PIF scans the optional system field (with role system) and each message's content in the messages array.

Auto-detection logic:

  • If the URL path contains anthropic or messages and the body has a system field, PIF uses the Anthropic parser.
  • Otherwise, PIF falls back to the OpenAI parser.

Response Formats

Block Action (HTTP 403)

When action=block and an injection is detected:

HTTP/1.1 403 Forbidden
Content-Type: application/json

{
  "error": {
    "message": "Request blocked by Prompt Injection Firewall",
    "type": "prompt_injection_detected",
    "score": 0.85,
    "findings": 2
  }
}
Field Type Description
error.message string Human-readable error message
error.type string Always prompt_injection_detected
error.score float Threat score (0.0 - 1.0)
error.findings int Number of matched detection rules

Rate-Limited Request (HTTP 429)

When client rate limits are enabled and exceeded:

HTTP/1.1 429 Too Many Requests
Content-Type: application/json

{
  "error": {
    "message": "Request rate-limited by Prompt Injection Firewall",
    "type": "rate_limit_exceeded"
  }
}

Flag Action (HTTP 200 + Headers)

When action=flag and an injection is detected, PIF forwards the request to the upstream API and adds headers to the response:

X-PIF-Flagged: true
X-PIF-Score: 0.85
Header Type Description
X-PIF-Flagged string true when injection detected
X-PIF-Score string Threat score as decimal string

The response body is the original upstream API response.

Log Action (HTTP 200)

When action=log, PIF forwards the request silently and logs the detection server-side.

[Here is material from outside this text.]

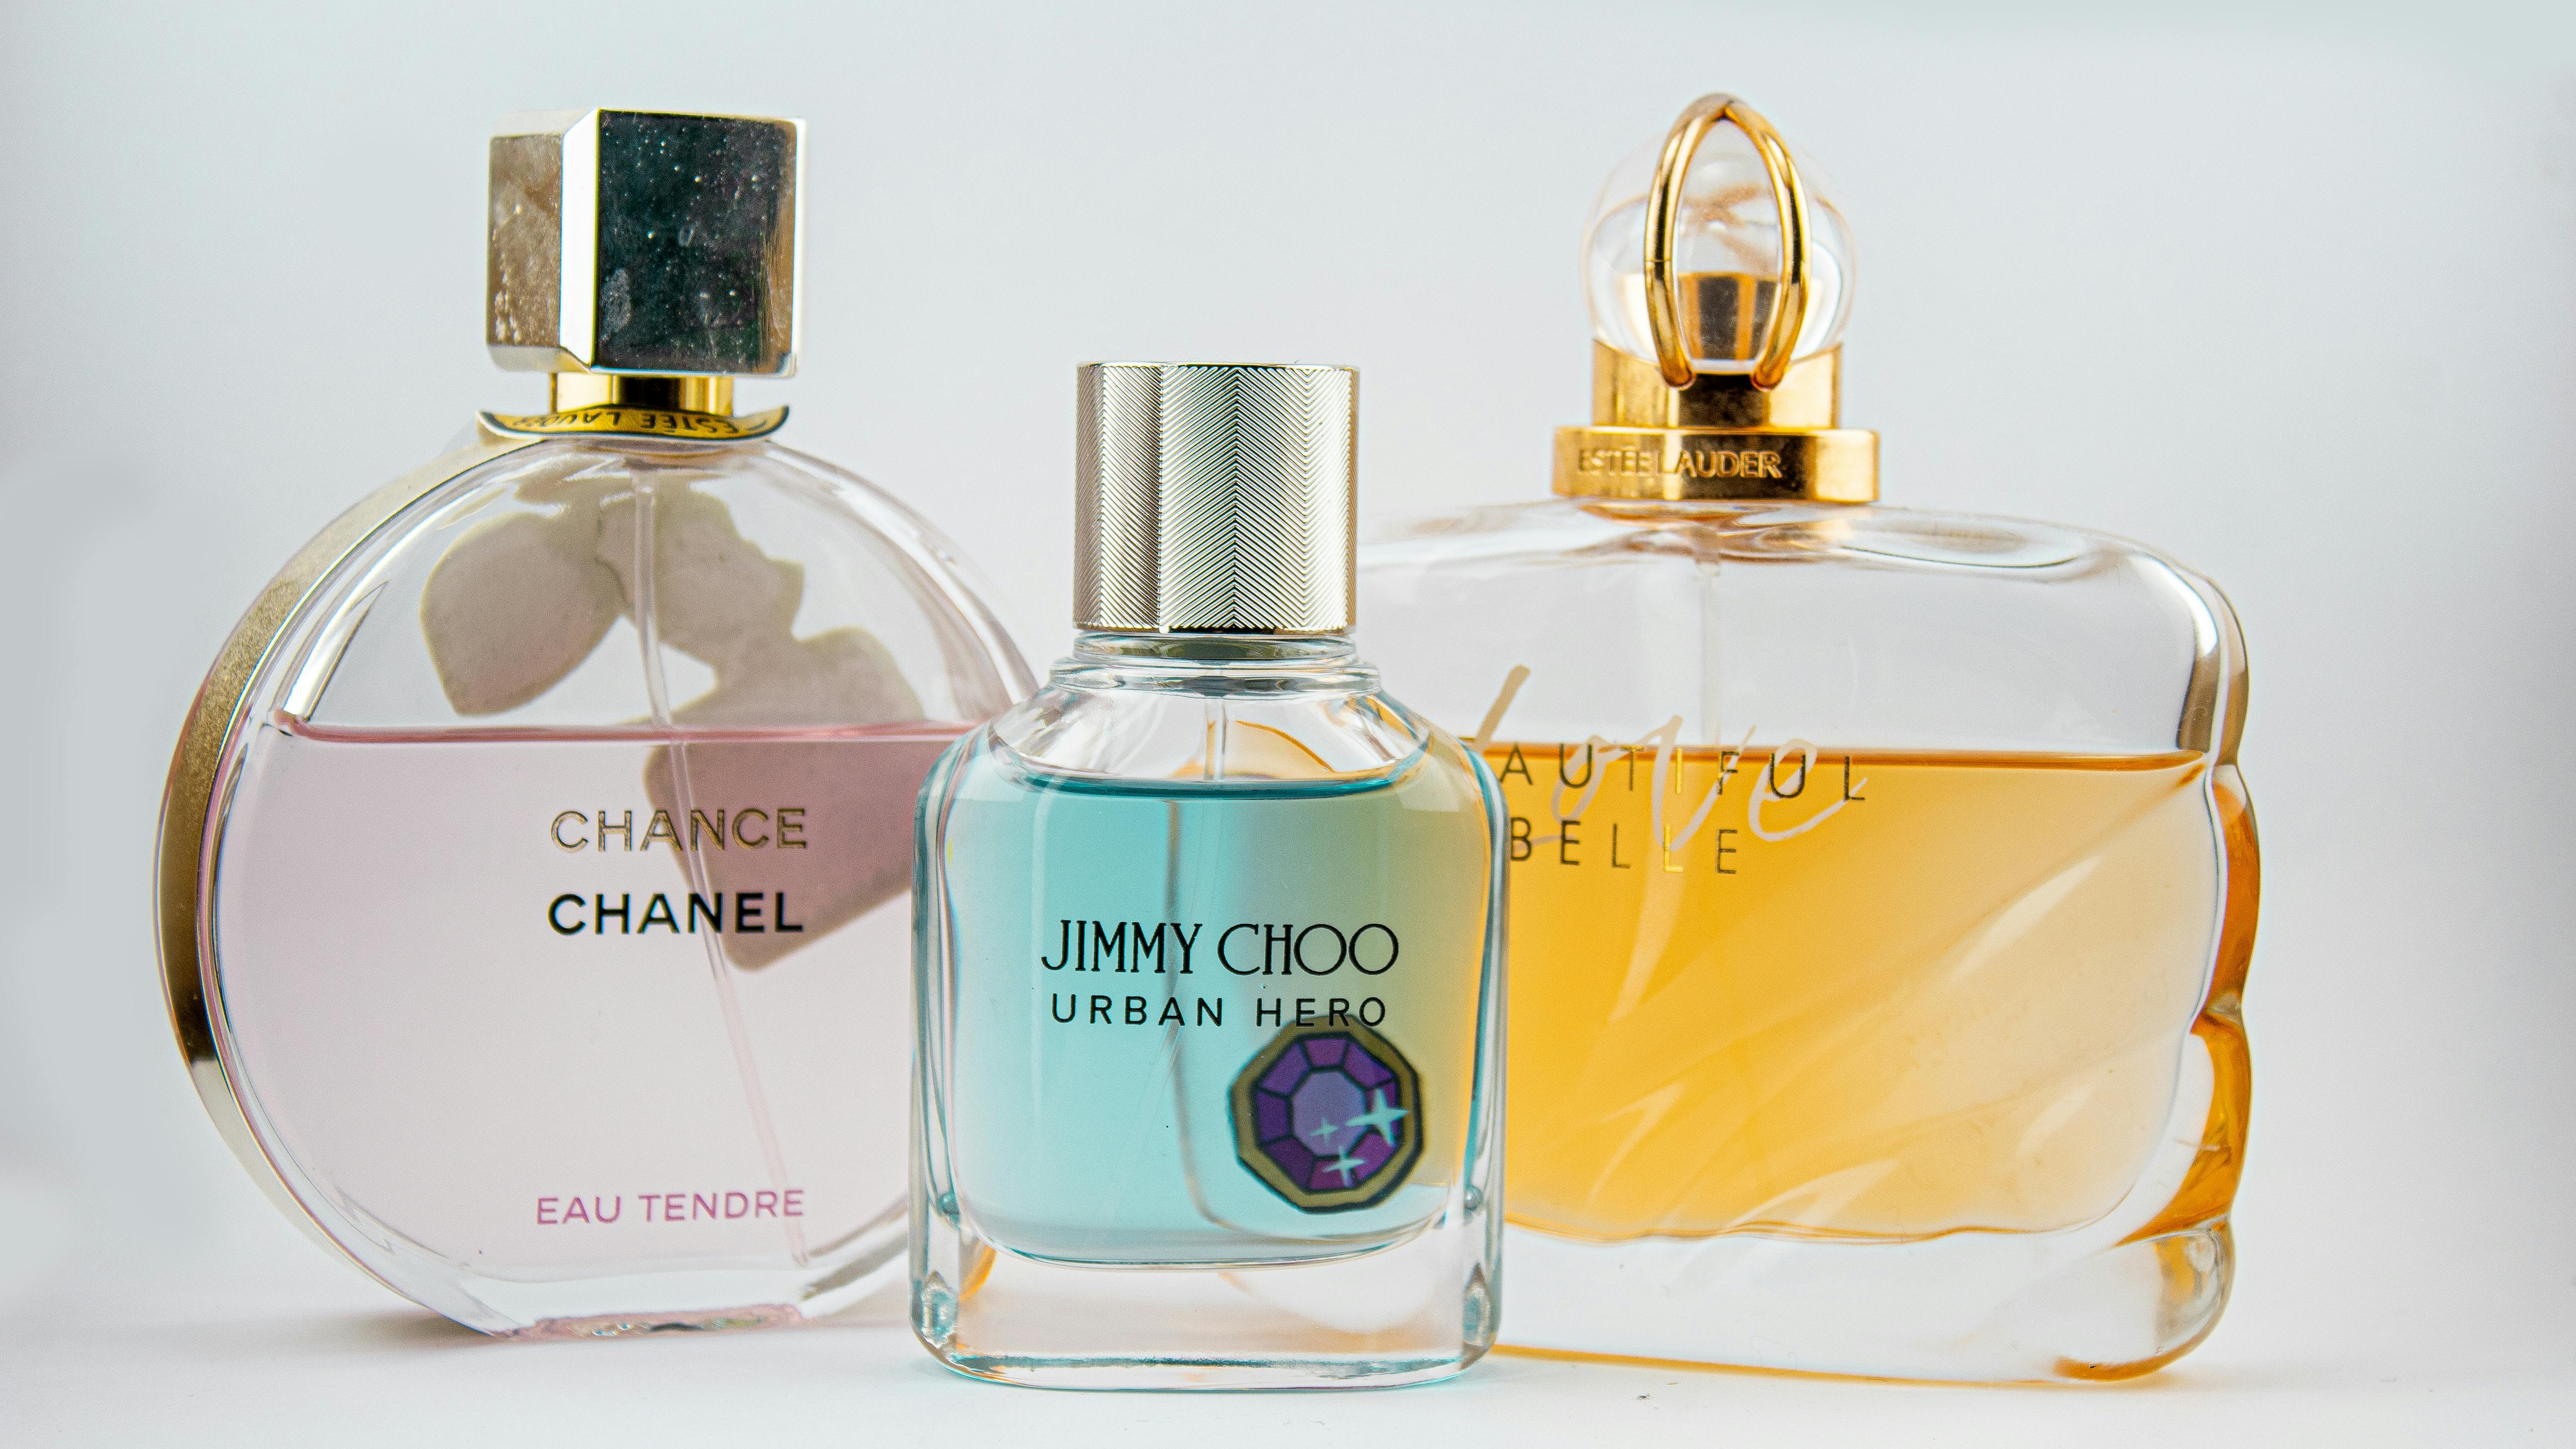 Chanel Paris Eua De Parfum Bottle · Free Stock Photo

No headers are added and no modification is made to the response.

Clean Request (HTTP 200)

When no injection is detected, PIF forwards the request to the upstream API without modification and returns the upstream response as-is.


CLI Scan Output

Table Format (default)

RESULT: INJECTION DETECTED (score: 0.85)

  RULE ID          CATEGORY                 SEVERITY   MATCH
  ---------------- ------------------------ ---------- ----------------------------------------
  PIF-INJ-001      prompt_injection         critical   "ignore all previous instructions..."
  PIF-LLM07-001    system_prompt_leak       high       "reveal your system prompt"

2 finding(s) in 1.23ms

JSON Format (-o json)

{
  "clean": false,
  "score": 0.85,
  "findings": [
    {
      "rule_id": "PIF-INJ-001",
      "category": "prompt_injection",
      "severity": 4,
      "description": "Detects attempts to override system instructions",
      "matched_text": "ignore all previous instructions",
      "offset": 0,
      "length": 32
    }
  ],
  "detector_id": "ensemble",
  "duration_ms": 1.23,
  "input_hash": "a1b2c3d4..."
}
Field Type Description
clean bool true if no injection detected
score float Threat score (0.0 - 1.0)
findings array List of matched rules
findings[].rule_id string Unique rule identifier
findings[].category string Attack category
findings[].severity int 0=info, 1=low, 2=medium, 3=high, 4=critical
findings[].matched_text string The text that triggered the rule
findings[].offset int Character offset in the input
findings[].length int Length of the matched text
detector_id string Detector that produced the result
duration_ms float Scan duration in milliseconds
input_hash string SHA-256 hash of the input text

Exit Codes (CLI)

Code Meaning
0 Clean -- no injection detected
1 Injection detected
2 Error (invalid input, missing rules, etc.)